Registered dietitian Jackie London helped TODAY cut through the hype, found on so many cereal boxes. London, the Good Housekeeping nutrition director, deciphered many of the packaging claims and provided guidance on what to look for on labels so that consumers can make healthier choices when shopping for breakfast items.

There is no standard serving size for cereal, London said. Instead, look for cereals that list between a half- to a full-cup of cereal per serving. If the cereal has a higher density, such as granola-based or high-fiber varieties, lean toward the smaller serving size.

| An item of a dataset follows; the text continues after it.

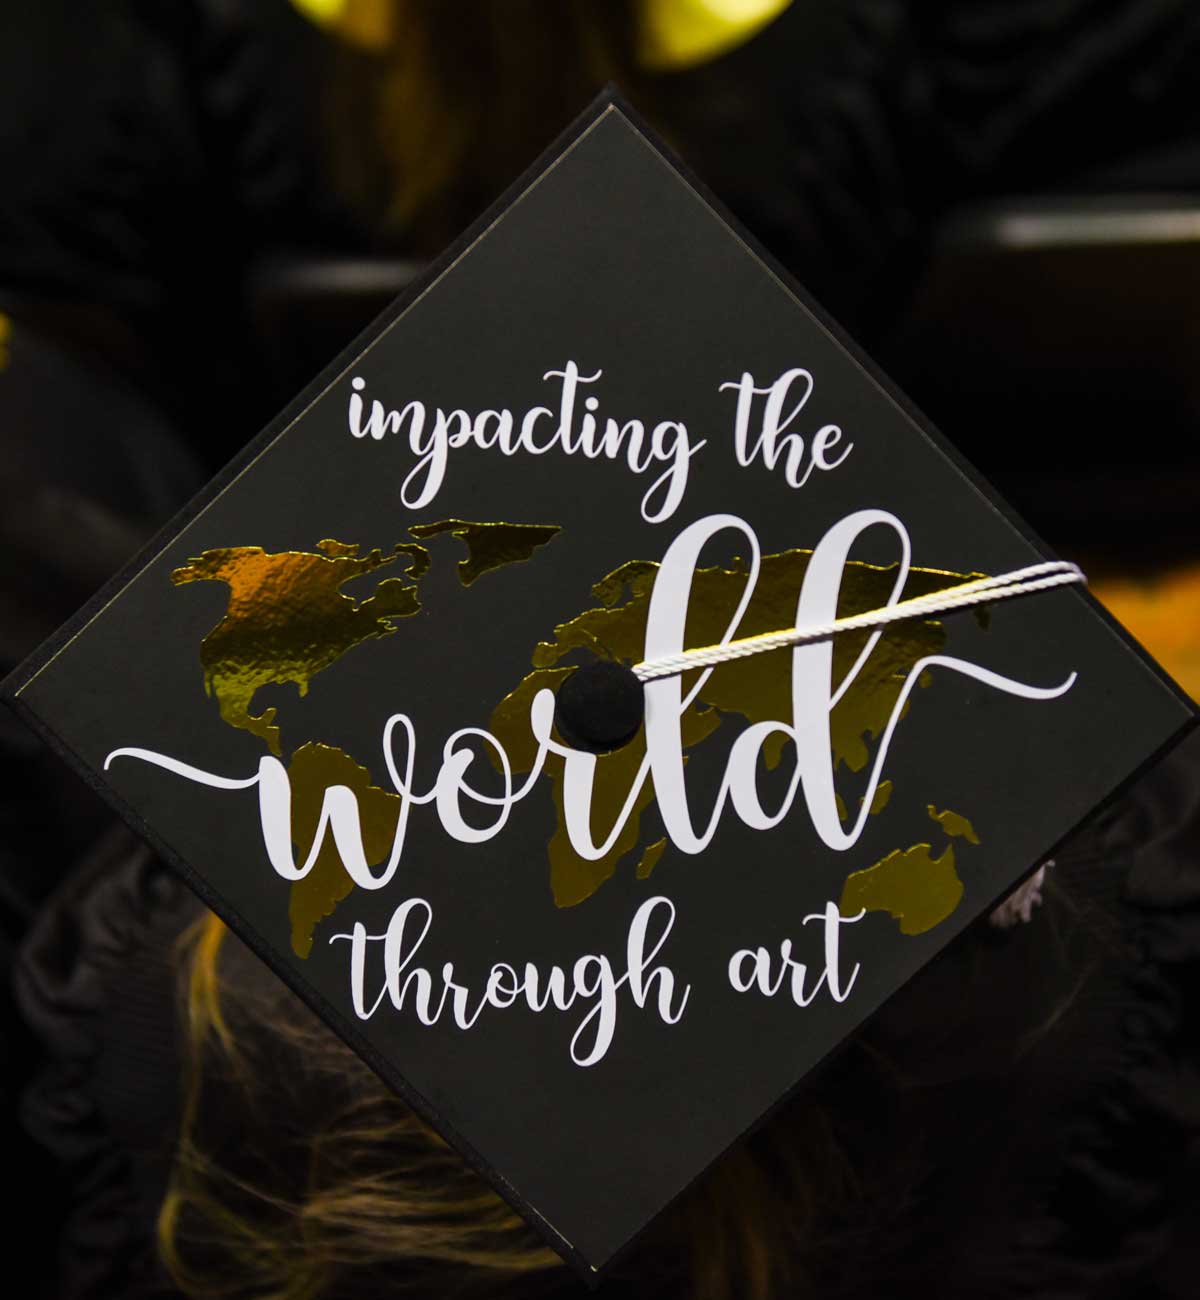 Grad cap decorated with text: Impacting the world through art

The goal is to consume between 350-400 calories, which should be enough energy to stave off hunger cravings for the rest of the morning.

2. Ignore “no artificial” ingredients claims.

“This is a bit of a misnomer,” London said. Those claims must meet specific definitions set by the federal Food and Drug Administration, so they’re not wrong — technically.

“If you’re looking to get some extra wholesome, nutritious food into your diet and you’re looking to eat more real food, you’re not going to get that from a processed cereal,” she said.

Instead, look for cereals that list whole grains such as wheat or oats as your first item. Also look for shorter ingredient lists.

3. Look out for when labels say “good source of.”

This claim also must fit an FDA definition, in this case it must offer at least 10 percent of the daily value of a certain nutrient.

“But we don’t eat nutrients, we eat food,” London said. Instead of focusing on a specific nutrient, look for a hearty combination of protein and fiber — aim for at least 3 grams of each per serving.

4. Check out the sugar content.

The label may claim the cereal contains “no high-fructose corn syrup,” but there’s probably plenty of other sweeteners.

“Sugar by any name is still a sugar,” London said. Instead, some cereals use organic cane sugar, caramel, or rice or maple syrup. Fruit juice or juice concentrate and purees are other “sneaky sources of added sugar,” she said.

Read labels carefully and keep an eye out for sodium levels and saturated fats, both of which are frequently added to enhance flavor. Look for cereals with less than 10 grams of added sugar per serving and less than 2 grams of saturated fat and 200 milligrams or less of sodium.